Using the $N - \varepsilon$ definition to find the limit of a sequence

Question

Yesterday I had a post about this, and it cleared a lot up; however, even though I feel like I understand how to go about solving problems like this, I don't seem to get the right answers. For example:

$u_n = \frac{2n+3}{2n+1}$. We know that this sequence converges to 1, but I want to prove it using the definition.

So I want to show that , $\forall \varepsilon > 0$, $\exists N$ where,$ n > N \implies u_n - 1 < \varepsilon$.

We can manipulate the expression such that $u_n = \frac{2n+3}{2n+1} =\frac{n}n \frac{2+\frac{3}n}{2+\frac{1}n} = \frac{2+\frac{3}n}{2+\frac{1}n}$

Thus, we can show that $\forall \varepsilon > 0$, $\exists N$ where,$ n > N \implies \frac{2+\frac{3}n}{2+\frac{1}n} - 1 < \varepsilon$

Now, we can say that 0 < $\frac{2+\frac{3}n}{2+\frac{1}n}$ < $\frac{2+\frac{3}n}{2} = 1 + \frac{3}{2n}$. We can use this logic to say that

$\frac{2+\frac{3}n}{2+\frac{1}n} - 1 < 1 + \frac{3}{2n} - 1 < \varepsilon$ (since $1 + \frac{3}{2n}$ converges to 1).

So, finding an $N$ for $\frac{3}{2n} - 1$ would be the same as finding an $N$ for $u_n$, so we do:

$1 + \frac{3}{2n} - 1 < \varepsilon$ is the same as $\frac{3}{2n} < \varepsilon$. Thus, if $ N > \frac{3}{2\varepsilon}$, then the initial implication follows. However, I'm not sure how to complete things from here; am I close, or did I fall off the rails at some point? Thanks.

Answer 1

You have already shown that your $N$ works, I think it's all the notation that is giving you a headache. I would write like this (these are your words, but rewritten):

Given $\varepsilon$, take any $N > \frac{3}{2\epsilon}$. Now, for any $n >N$, we have $$ \frac{3}{2n} < \varepsilon$$

and so,

$$\left|\frac{2+\frac{3}n}{2+\frac{1}n} - 1\right| < \left|1 + \frac{3}{2n} - 1\right| = \frac{3}{2n} < \varepsilon $$

Answer 2

It might be useful to rewrite the expression in question before doing "epsilontic":

$$u_n = \frac{2n+3}{2n+1} = \frac{2n+1+2}{2n+1}= 1+\frac{2}{2n+1}$$

Now, $$u_n - 1 = \frac{2}{2n+1} \lt \frac{2}{2n}= \frac{1}{n}$$ From here. you can surely find your $N_{\varepsilon}$ easily.

Answer 3

I think you are giving yourself too much work here.

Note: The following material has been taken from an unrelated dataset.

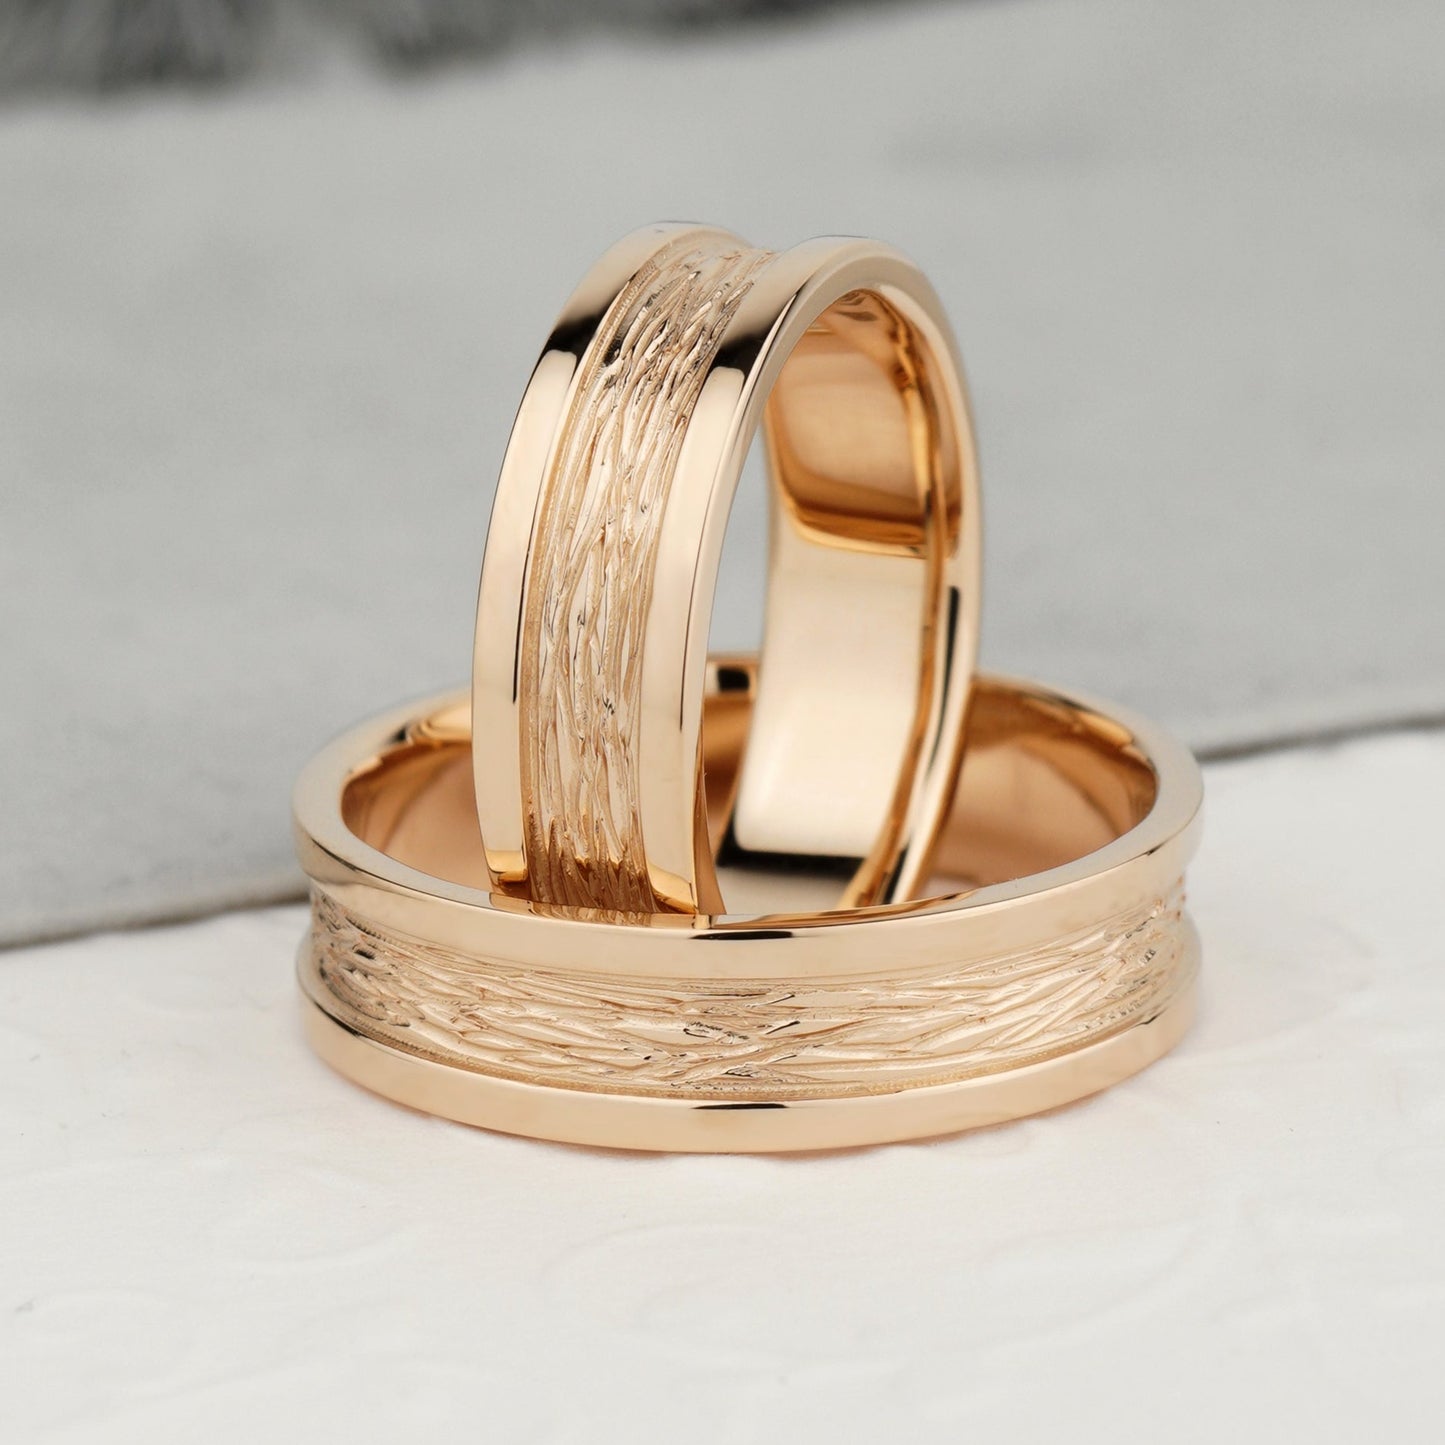 Matching wedding bands. Wedding bands set his and hers. Textured wedding bands. Wedding rings 14k. Unique wedding rings. Rings for couples. Gold wedding band set his and hers. Handmade wedding bands

Straightforwardly $u_n-1=\frac {2}{2n+1}$ and if $\frac 2{2n+1} \lt \epsilon$ we have $n\gt \frac 1{\epsilon}-\frac 12$

This is reversible, so this will find you a candidate for $N$

Answer 4

The answer of @JuliusL33t is right on the nose.

But I want to show how you could have arranged your work and derived a value for $N$ in a way that allows you to close off the proof more smoothly (this will be a different value of $N$).

The idea is to work backwards from the inequality $|u_n-1| < \epsilon$, rewriting it in equivalent form as you go along (if that is possible, which for this problem it is).

Start with the inequality $$(1) \qquad |u_n - 1| < \epsilon $$ By substitution, inequality (1) is logically equivalent to $$(2) \qquad \bigg| \frac{2n+3}{2n+1} - 1 \bigg| < \epsilon $$ By the laws of algebra, inequality (2) is logically equivalent to $$(3) \qquad \bigg| \frac{2}{2n+1} \biggr| < \epsilon $$ Since $n$ is a positive integer, the fraction inside the absolute value signs is positive, and so we may strip off the absolute value signs, to get a logically equivalent inequality $$(4) \qquad \frac{2}{2n+1} < \epsilon $$ By the laws of inequality, (4) is logically equivalent to $$(5) \qquad n > \frac{2-\epsilon}{2\epsilon} $$ Now take any $N > \frac{2-\epsilon}{2\epsilon}$. If $n > N$ then (5) is true, and so each of the logically equivalent inequalities (4), (3), (2), (1) is true, hence $|u_n-1|<\epsilon$ is true.